Por tal razão, com a evolução do pensamento internacional sobre a matéria, o Conselho da Liga das Nações previu expressamente no artigo 56 do Estatuto da Corte Permanente de Justiça Internacional (1920) – posteriormente alterado numericamente para o artigo 57 – que qualquer dos juízes poderia redigir uma opinião separada em caso de discordância da decisão dos demais.

Considerando, então, a nomenclatura dada pelo Estatuto da Corte Permanente de Justiça Internacional ao instrumento utilizado pelo juiz dissidente enquanto “opinião separada”, é importante que se advirta quanto à existência de diversas formas de tratar da divergência jurisdicional, a depender do autor de referência.

Tanto é assim que Robert Kolb (2014, p. 1047) trata das opiniões separadas como gênero que contém três espécies: opiniões individuais – com mesma conclusão, mas fundamentação diversa da Corte –, opiniões dissidentes – com conclusão e fundamentação diferentes da Corte – e declarações – com explicação sucinta da concordância ou discordância com a Corte, mas sem encerramento de toda a motivação.

Simon Junod (2017, p. 18-20), de maneira semelhante, trata as opiniões separadas como gênero, sendo as opiniões dissidentes e concordantes suas espécies.
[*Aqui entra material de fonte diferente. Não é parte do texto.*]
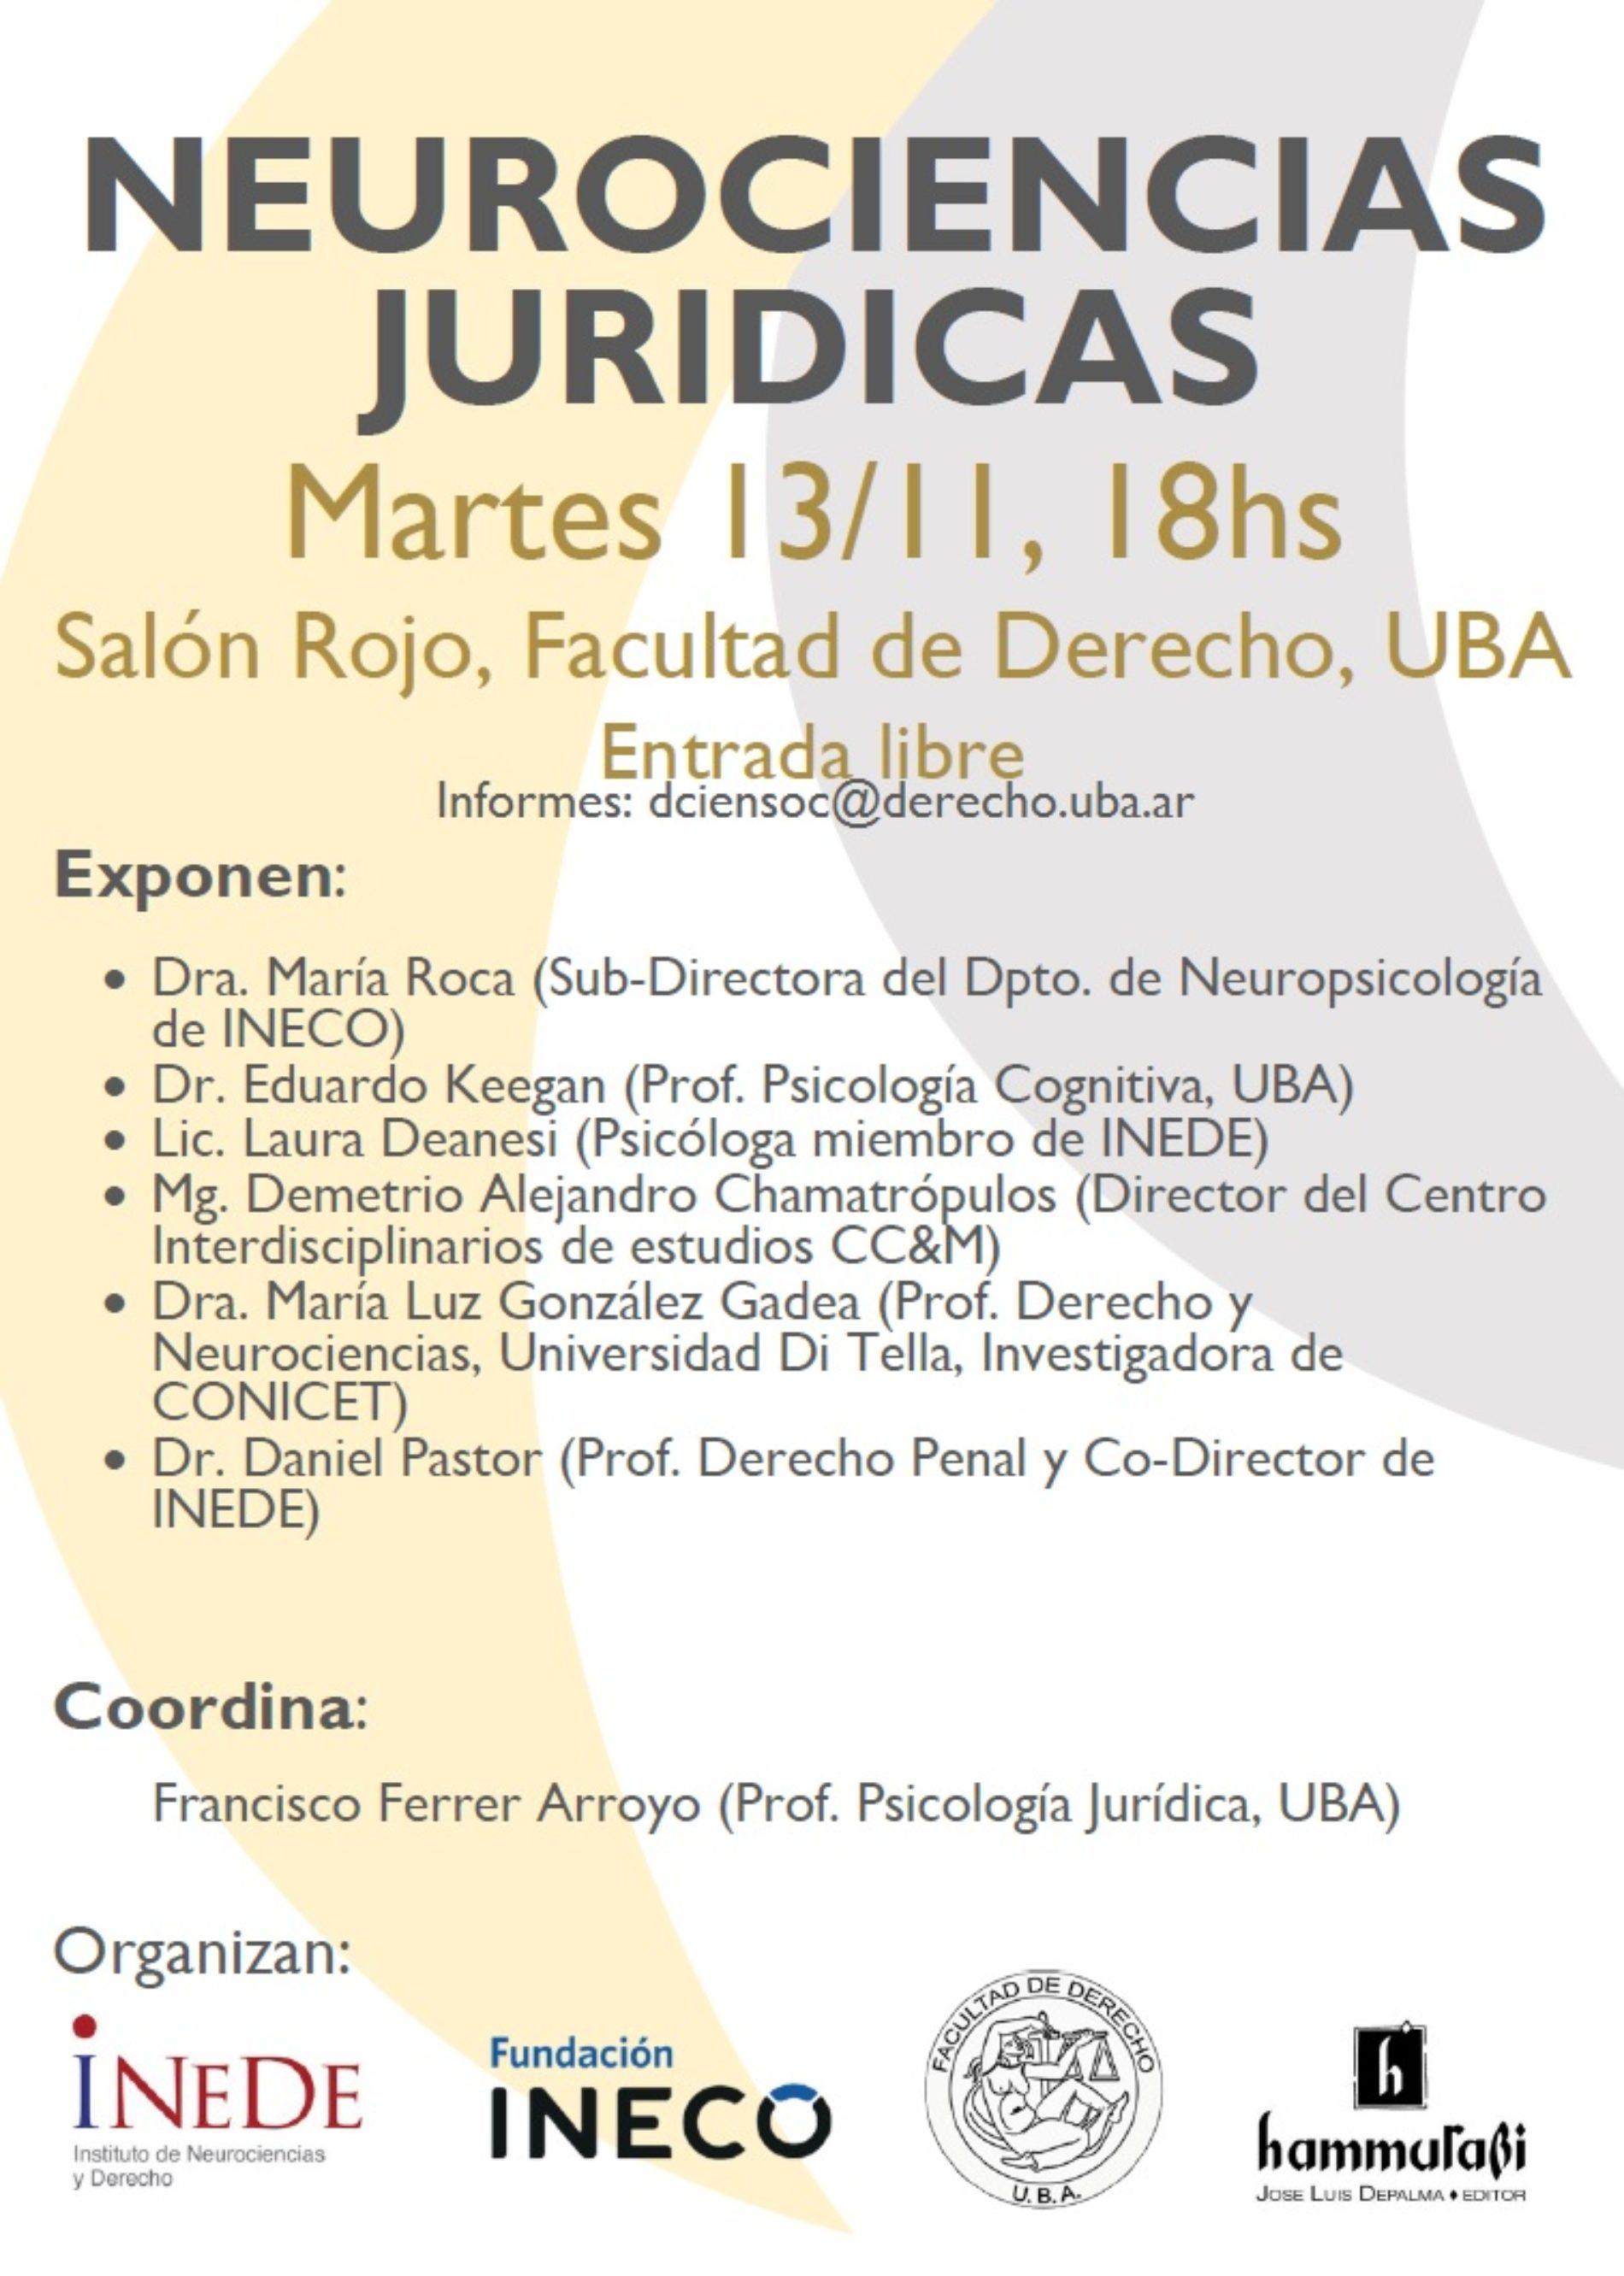 «Neurociencias Jurídicas en la UBA»

No entanto, como bem explicita Ijaz Hussain (1969, p. 8), a tendência da Corte Internacional de Justiça – e das demais, que a têm como modelo – é de separar opiniões dissidentes das opiniões separadas. Assim, dissidentes são aquelas em que o julgador não consente com a parte operativa da decisão; separadas são redigidas apenas quando o juiz discordou da fundamentação da decisão, não da conclusão.

Com base no posicionamento da Corte Internacional de Justiça referentemente à nomenclatura a ser dada à divergência, autores como Hugh Thirlway (2016, p. 143) e Benjamin Bricker (2017, p. 172) veem as opiniões dissidentes como reais expressões de divergência, por serem contrárias tanto à fundamentação quanto à conclusão do decisum. Há sentido, dessarte, no tratamento dado por Neha Jain em seu trabalho, intitulado de “O Dissenso Radical”.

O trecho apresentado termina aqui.